Supplied information
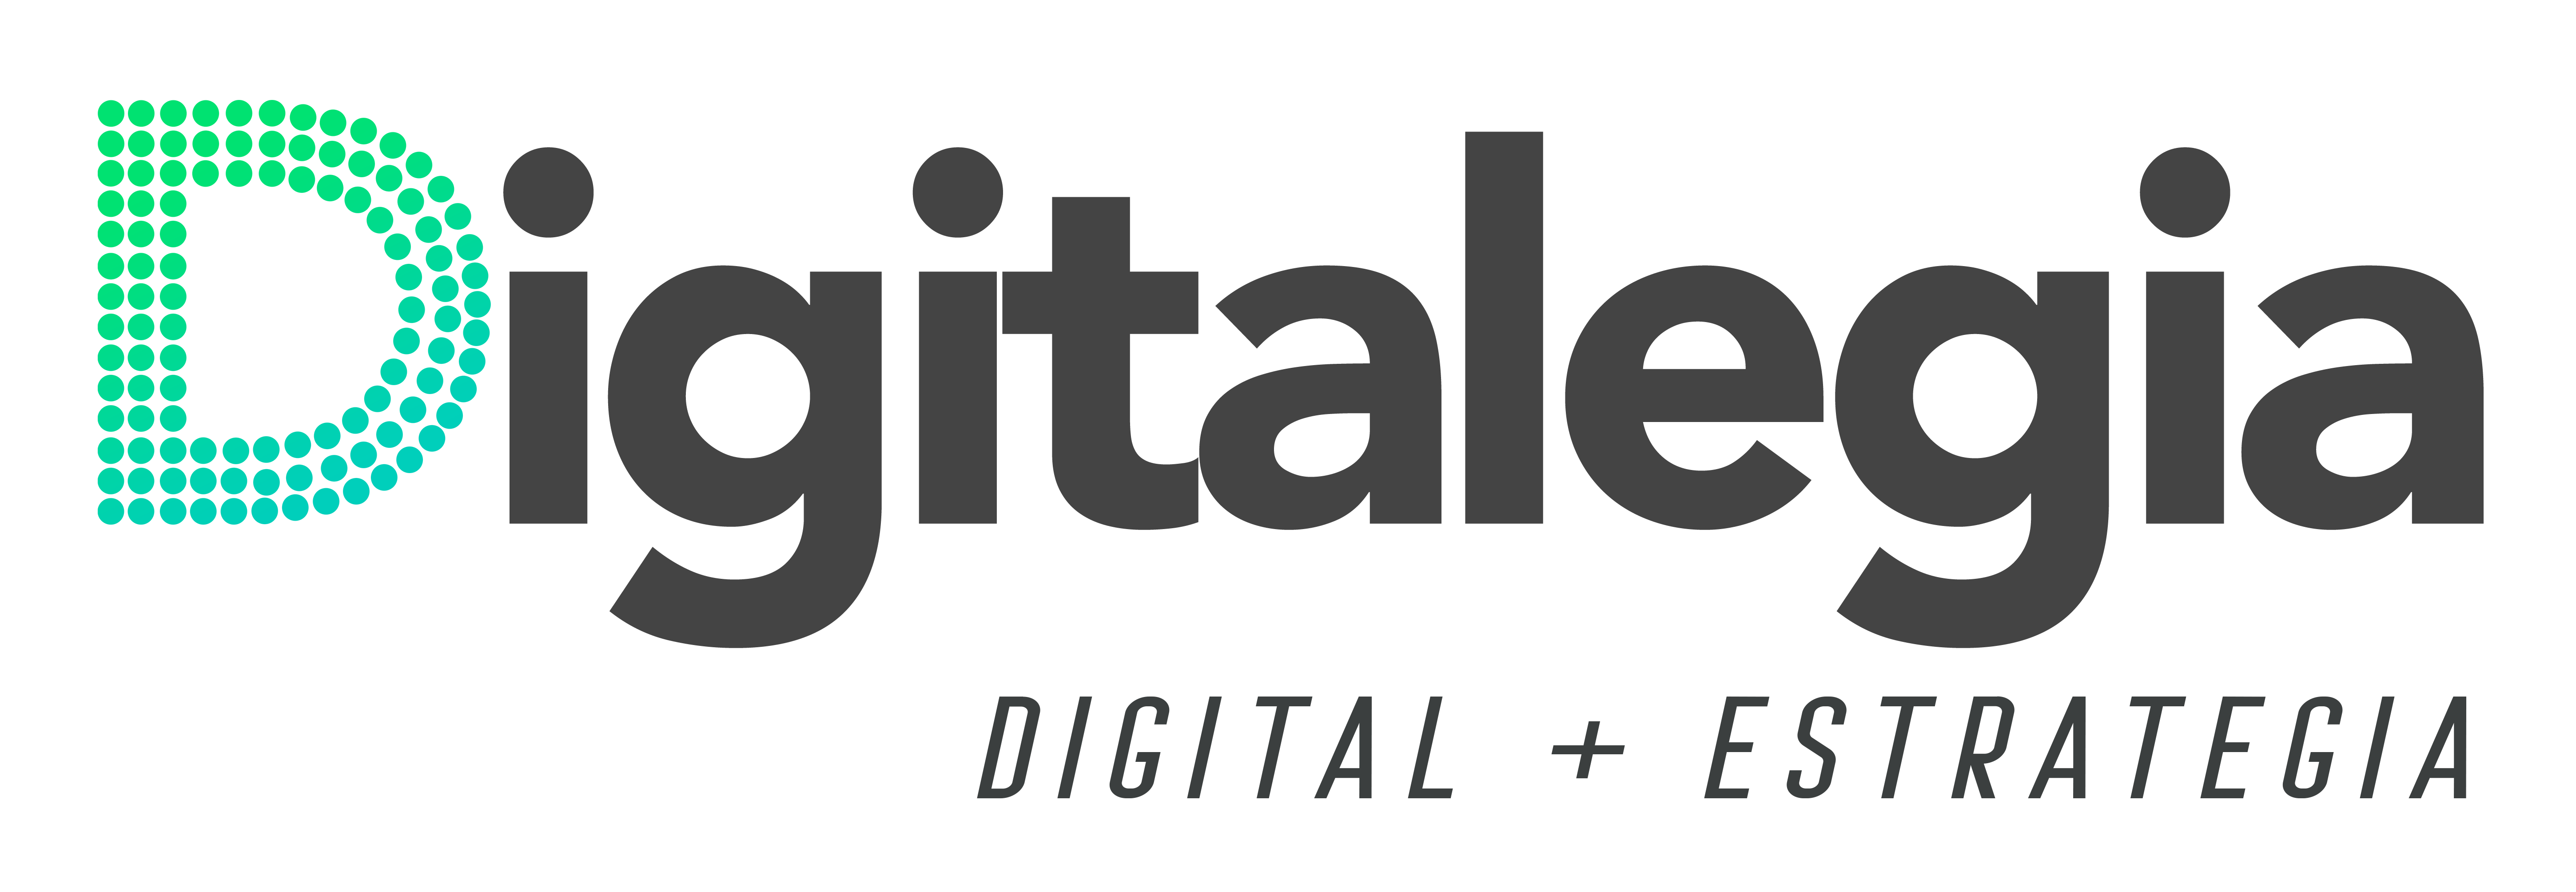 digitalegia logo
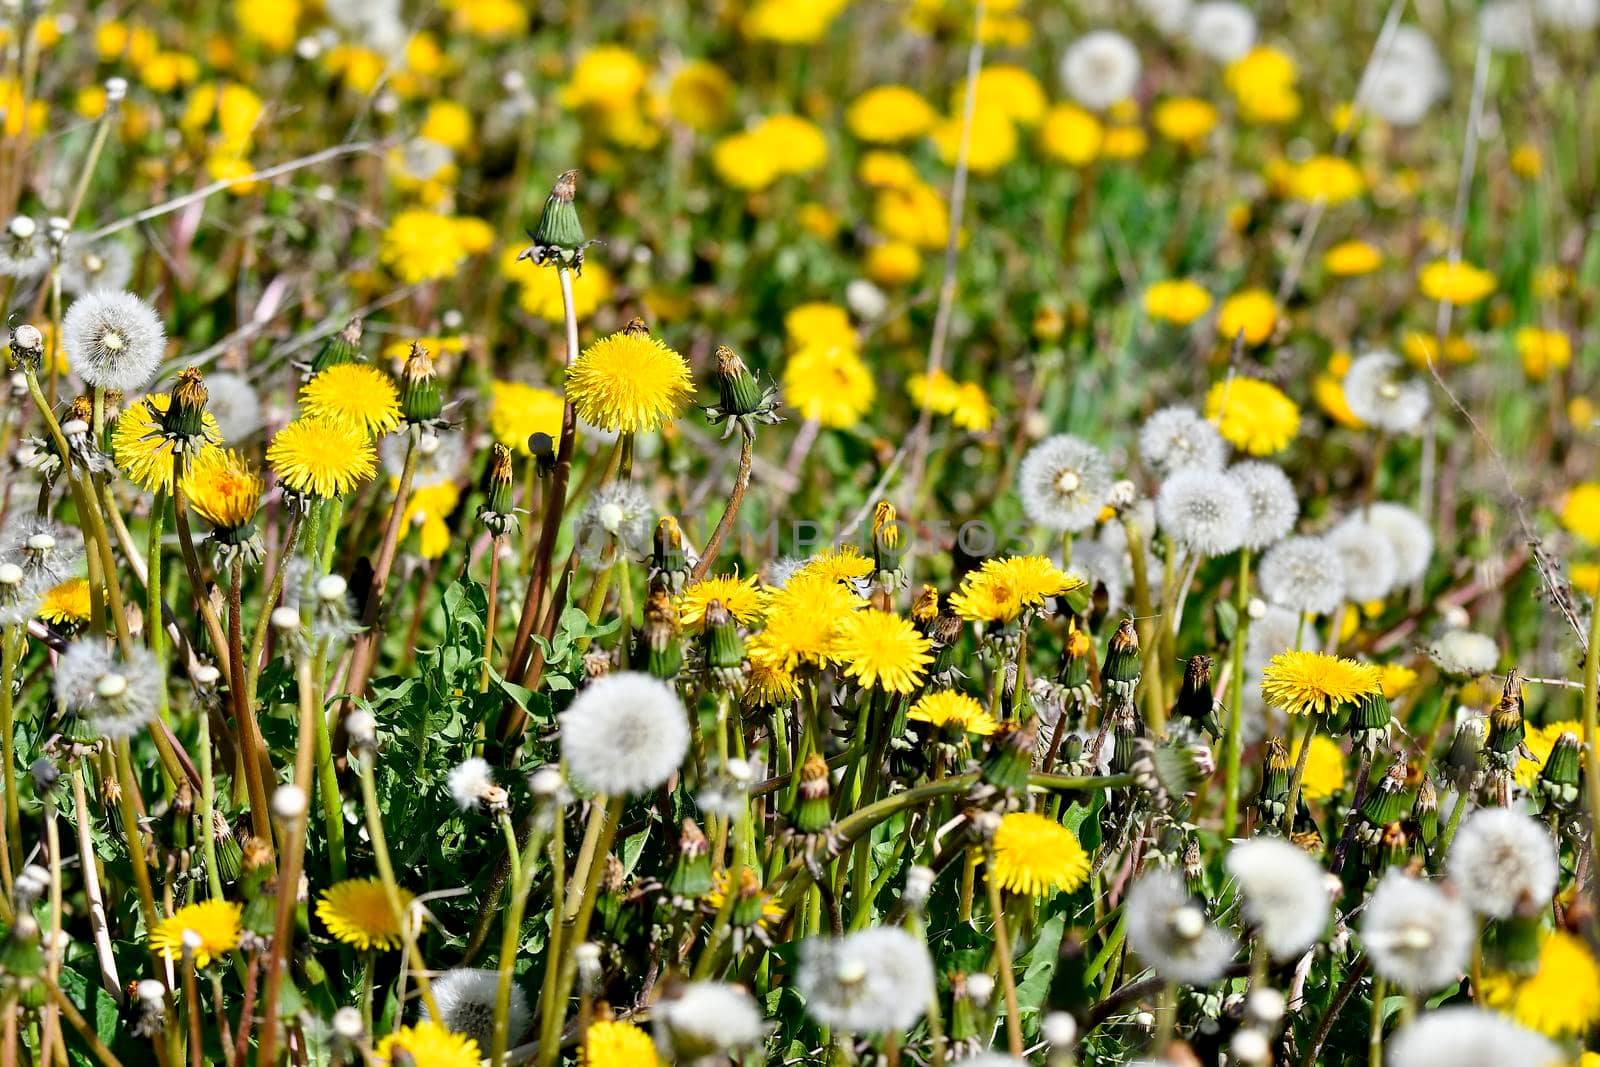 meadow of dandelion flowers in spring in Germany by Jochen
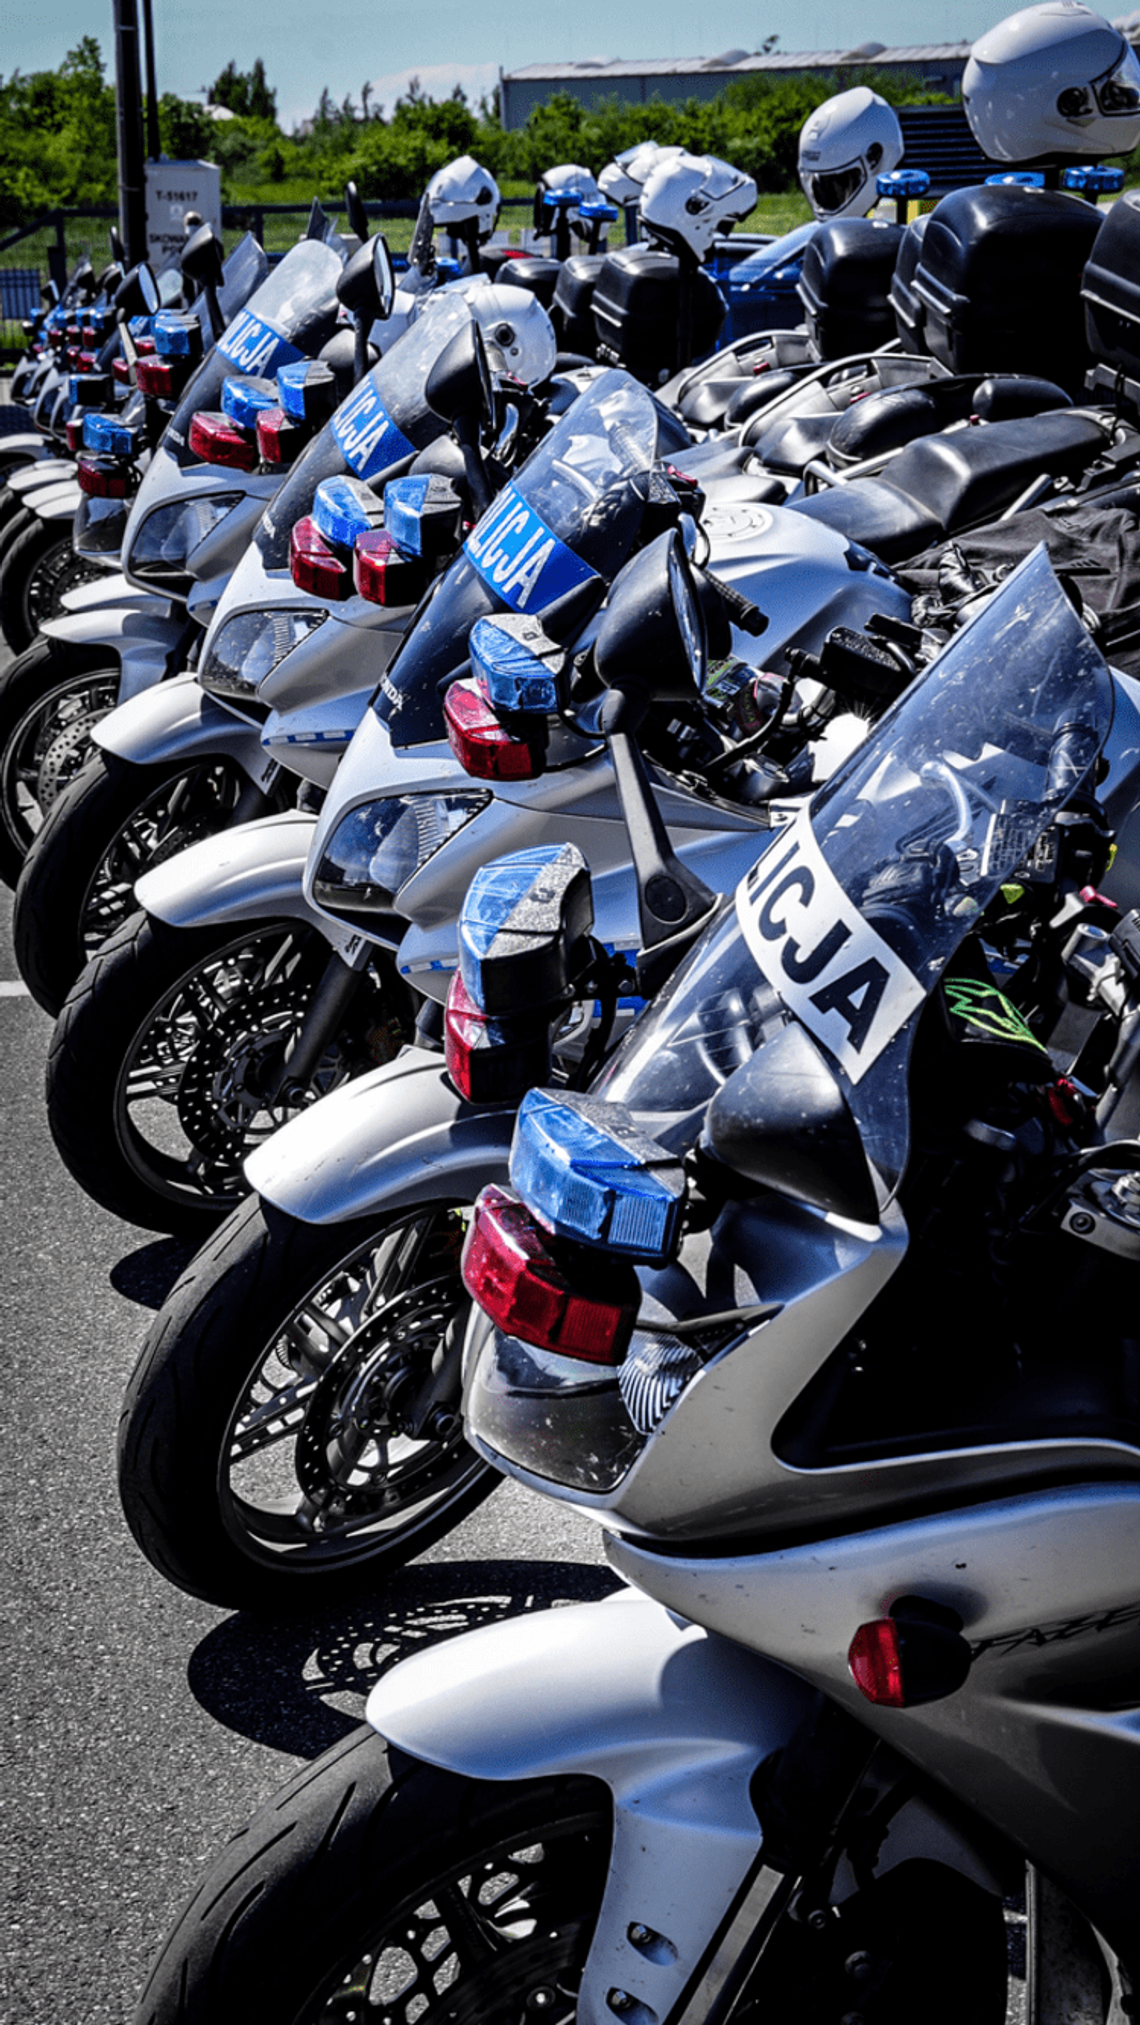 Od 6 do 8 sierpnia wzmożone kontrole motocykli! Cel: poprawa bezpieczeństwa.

The task
Leaving all pictures aside, print exactly the lines from the one that contains "meadow of dandelion" through the last line of the data above, inclusive.

Completed task
 meadow of dandelion flowers in spring in Germany by Jochen
 Od 6 do 8 sierpnia wzmożone kontrole motocykli! Cel: poprawa bezpieczeństwa.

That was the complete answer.